Alexis Argüello (April 19, 1952 – July 1, 2009) was a Nicaraguan professional boxer who competed from 1968 to 1995, and later became a politician. He was a three-weight world champion, having held the WBA featherweight title from 1974 to 1976; the WBC super featherweight title from 1978 to 1980; and the WBC lightweight title from 1981 to 1982. Additionally, he held the Ring magazine and lineal featherweight titles from 1975 to 1977; the Ring lightweight title from 1981 to 1982; and the lineal lightweight title in 1982. In his later career he challenged twice for light welterweight world titles, both times in famous fights against Aaron Pryor.

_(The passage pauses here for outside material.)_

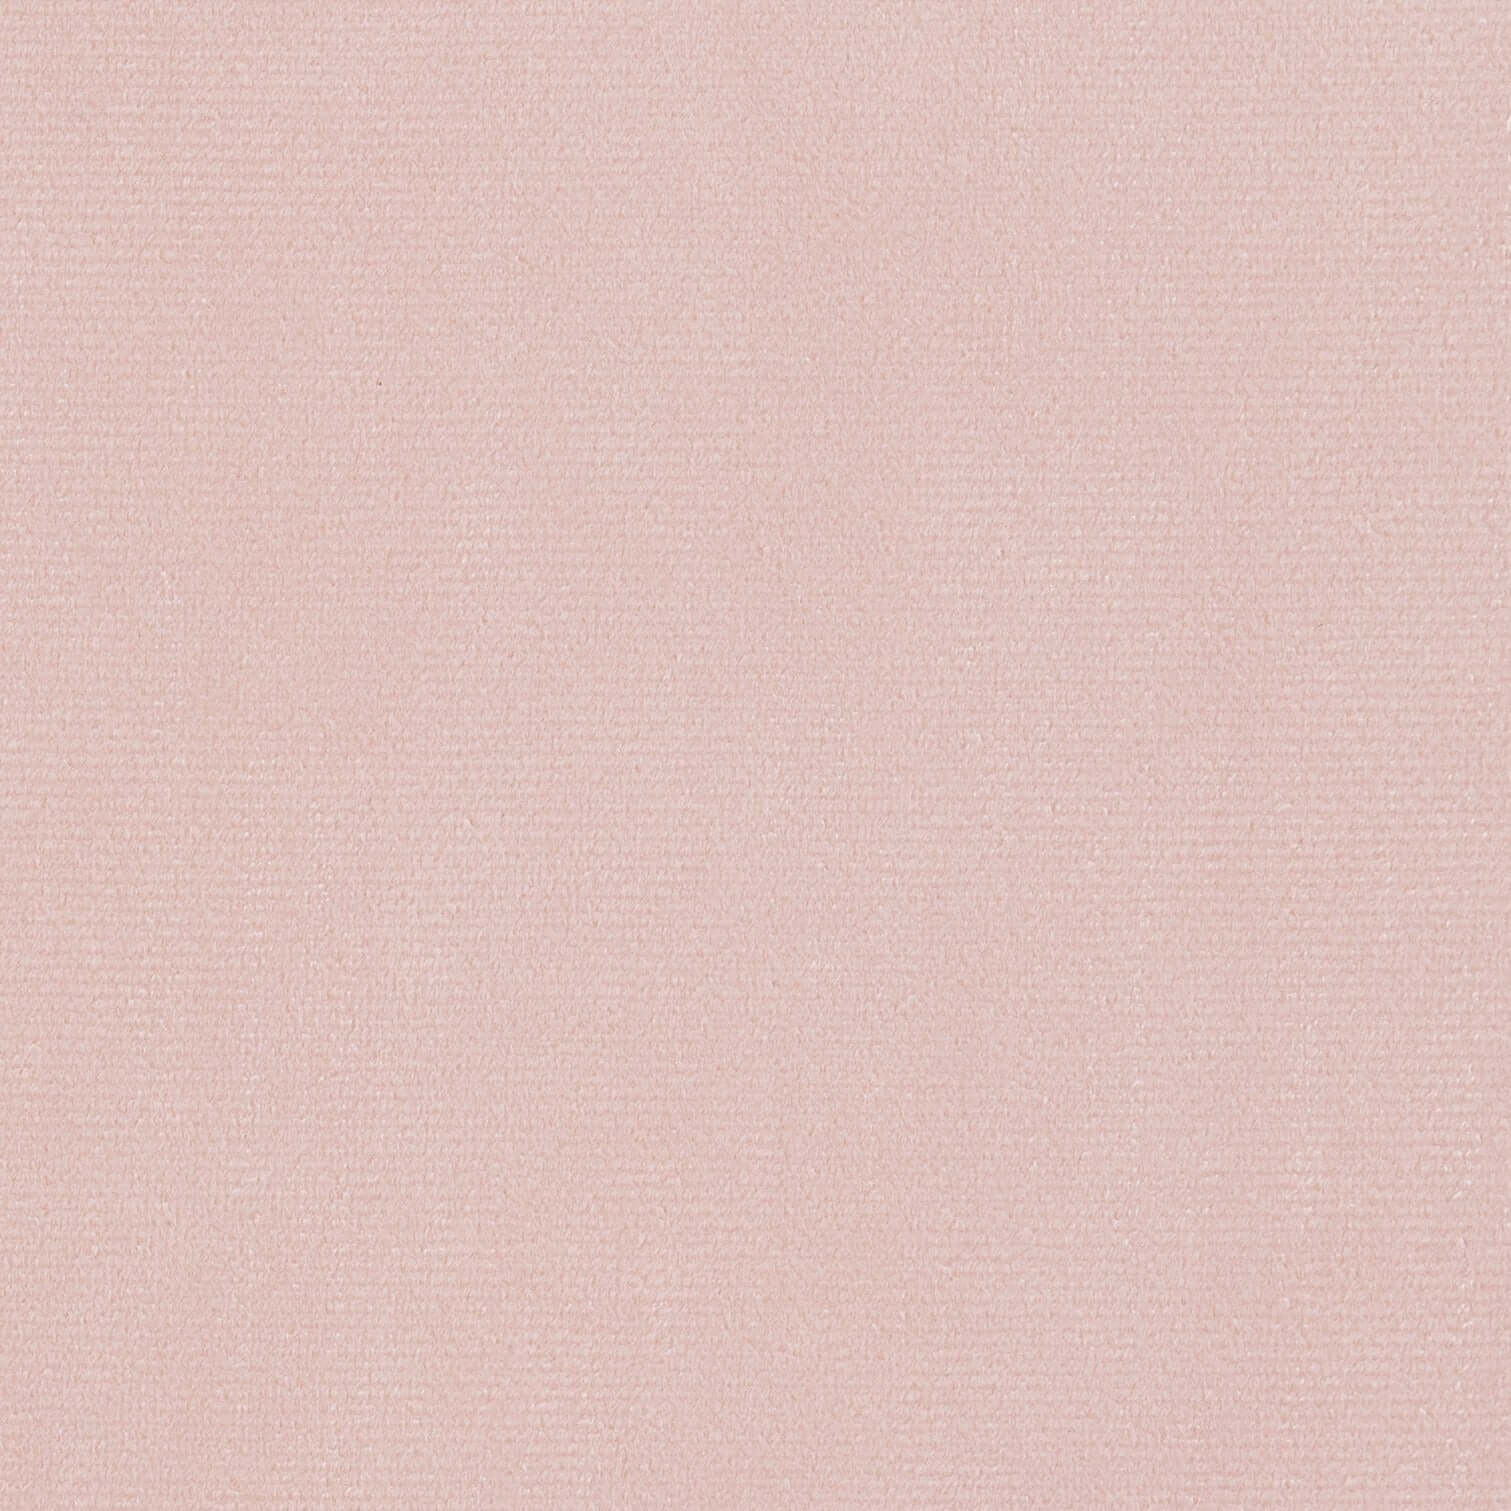 Amelia Storage Ottoman Pink Velvet Fabric- The Right Buy Store

Argüello has regularly been cited as one of the greatest boxers of his era, having never lost any of his world titles in the ring, instead relinquishing them each time in pursuit of titles in higher weight classes. After his retirement from boxing, he became active in Nicaraguan politics and in November 2008 was elected mayor of his native Managua, the nation's capital city.

The Ring magazine has ranked Argüello as 20th on their list of "100 greatest punchers of all time", while the Associated Press ranked him as the world's best Junior Lightweight of the 20th century. He was named one of the 20 greatest fighters of the past 80 years by The Ring magazine and is widely regarded as one of the greatest boxers to ever come out of Latin America and one of the few to have fought in four different decades.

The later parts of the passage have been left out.